March 24, 2014 / 1:40 PM / in 4 years

UPDATE 1-Diploma Plc says strong pound to hurt results, shares fall

* First-half revenue to grow 5 pct on underlying basis

* Controls business revenue to grow 10 pct on underlying basis

* Shares fall as much as 14.5 pct (Adds details, analyst comments and updates share movement)

By Tasim Zahid

March 24 (Reuters) - British industrial wiring and component maker Diploma Plc estimated its first-half revenue growth would halve from a year earlier and said a strong pound would continue to hurt its results.

Shares in Diploma, which supplies products ranging from hydraulic seals to components for Formula 1 cars, fell as much as 14.5 percent on Monday morning and were among the biggest percentage loser on the London Stock Exchange.

Diploma, which gets about three-quarters of its revenue from outside the UK, also said on Monday that weakening Canadian and Australian dollars would also hurt its healthcare businesses.
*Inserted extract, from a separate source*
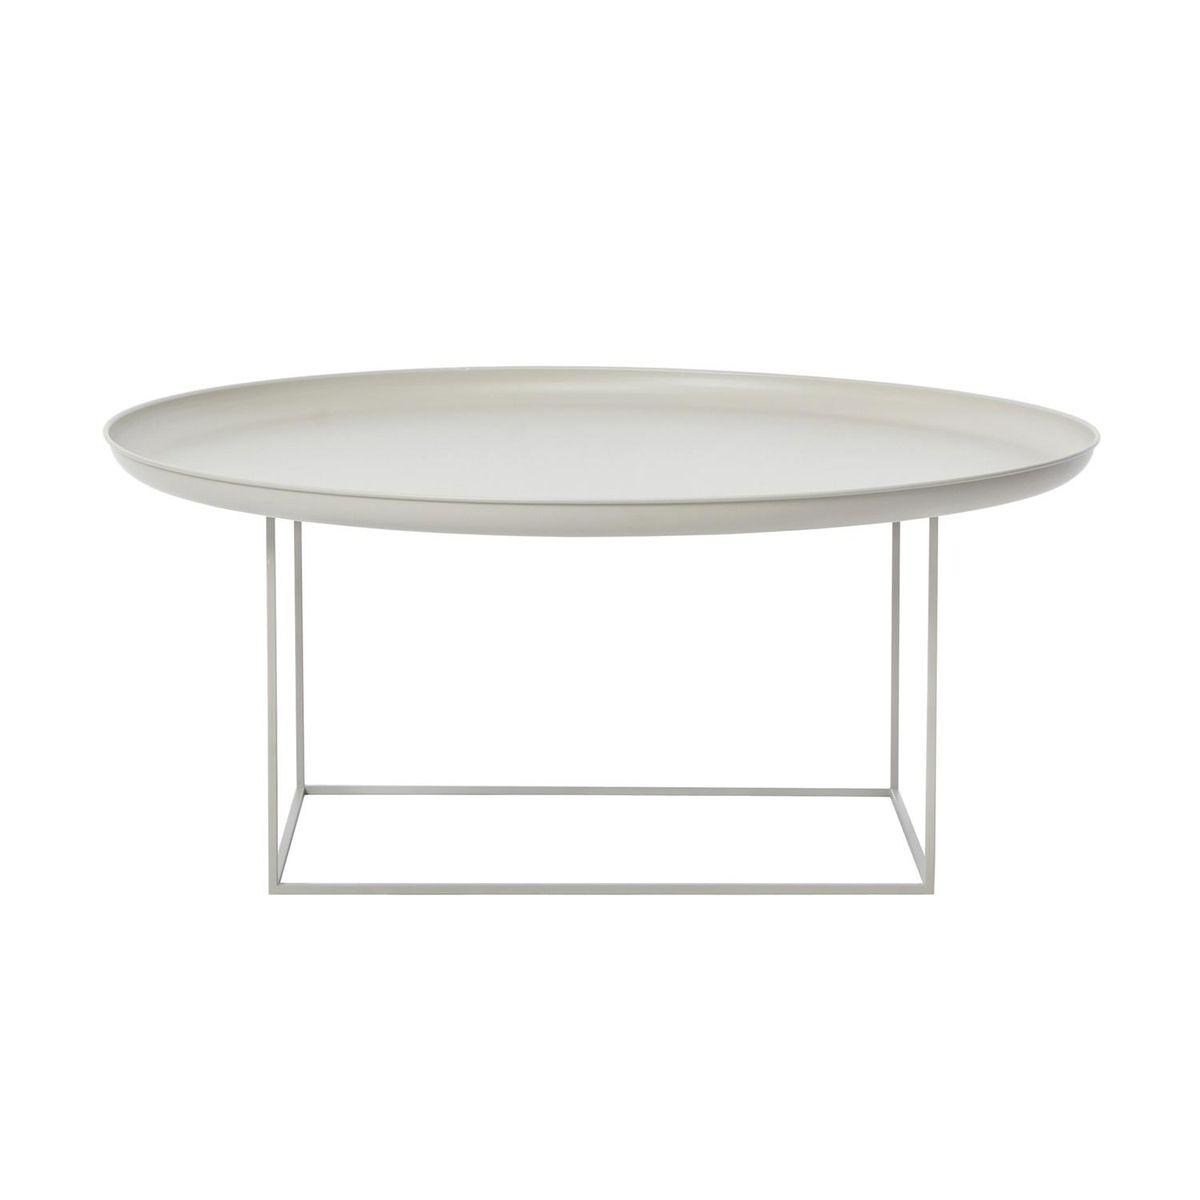 NORR 11   Duke Large Side Table Ø 90cm   Kahki Grey/removable Table Top

“As a result of FX (rates) we anticipate that adjusted EPS for FY14 and beyond will move down by mid-single digits,” Jefferies analyst Will Kirkness said in a note.

Current exchange rates for the pound would have reduced Diploma’s revenue by about 14 million pounds in the year through Sept. 30, the company said.
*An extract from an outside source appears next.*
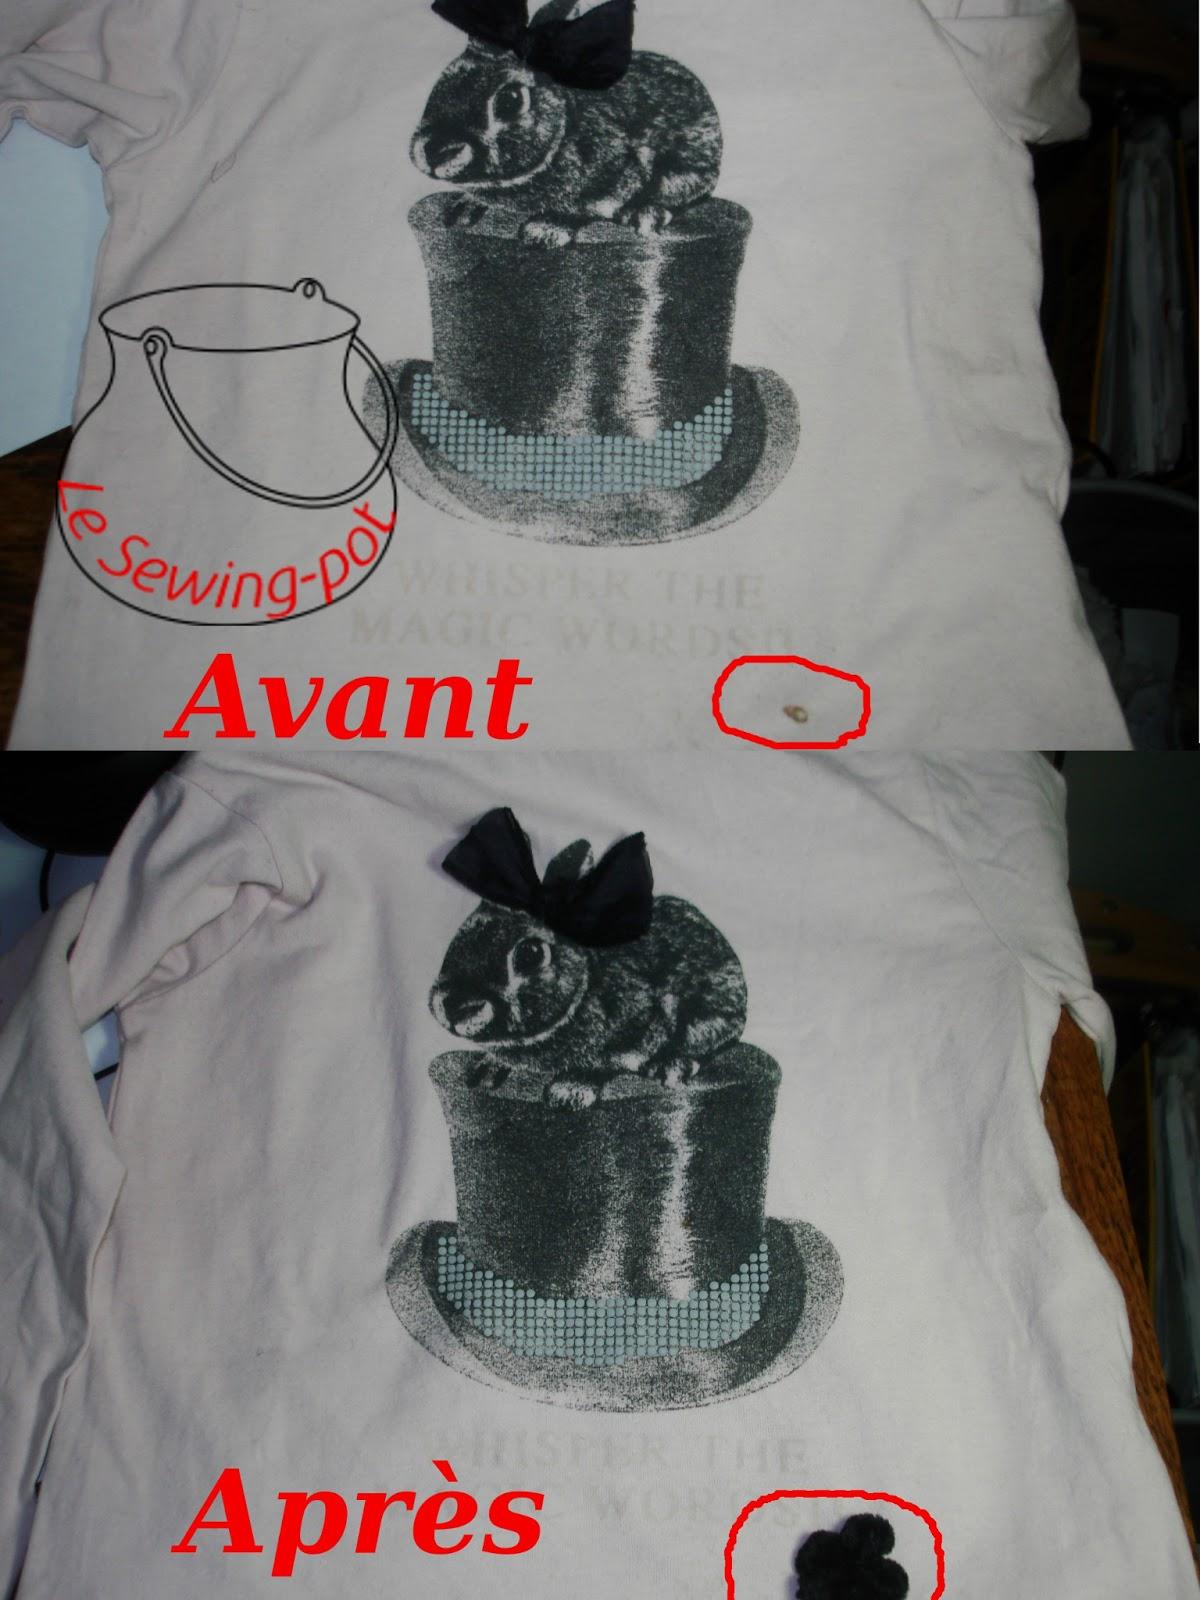 recyclage t-shirt tache

Full-year adjusted operating profits would have been hurt by 3 million pounds.

Diploma reported an adjusted operating profit of 54.2 million pounds on 285.5 million pounds in revenue for the year ended September.

The pound has risen 1.85 percent against the U.S. dollar since then up to Friday’s close.

“Their hedging book runs out in the second half and they will refilling that hedge book with higher prices,” Peel Hunt analyst Henry Carver told Reuters.

British capital goods companies such as Smith Group, Melrose, Spectris and Fenner, - with a large exposure to non-UK markets - have all flagged the impact of strengthening sterling on their businesses.

Diploma said group revenue was likely to grow about 5 percent for the six months ending March 31. The company had posted a 10 percent revenue growth in the year-ago period.

“Significant movements in exchange rates have adversely impacted the results of the overseas businesses when translated into UK sterling,” the company said in a trading update on Monday.

Diploma sources material from U.S. and Europe and sells in Australia and Canada. The Australian and Canadian dollars have been extremely weak, Carver said.

The company said it expects revenue from its controls business to increase about 10 percent on an underlying basis, helped by sales in UK and Germany.

Diploma estimates first-half adjusted profit before tax to be similar to year-ago levels.

The company reported revenue of 139.7 million pound ($230.43 million) and a pretax profit of 23.8 million pounds in the six months ended March 2013.

The company said it had spent about 12 million pounds on acquisitions, but said lengthy transaction and due diligence processes continued to delay the completion of opportunities.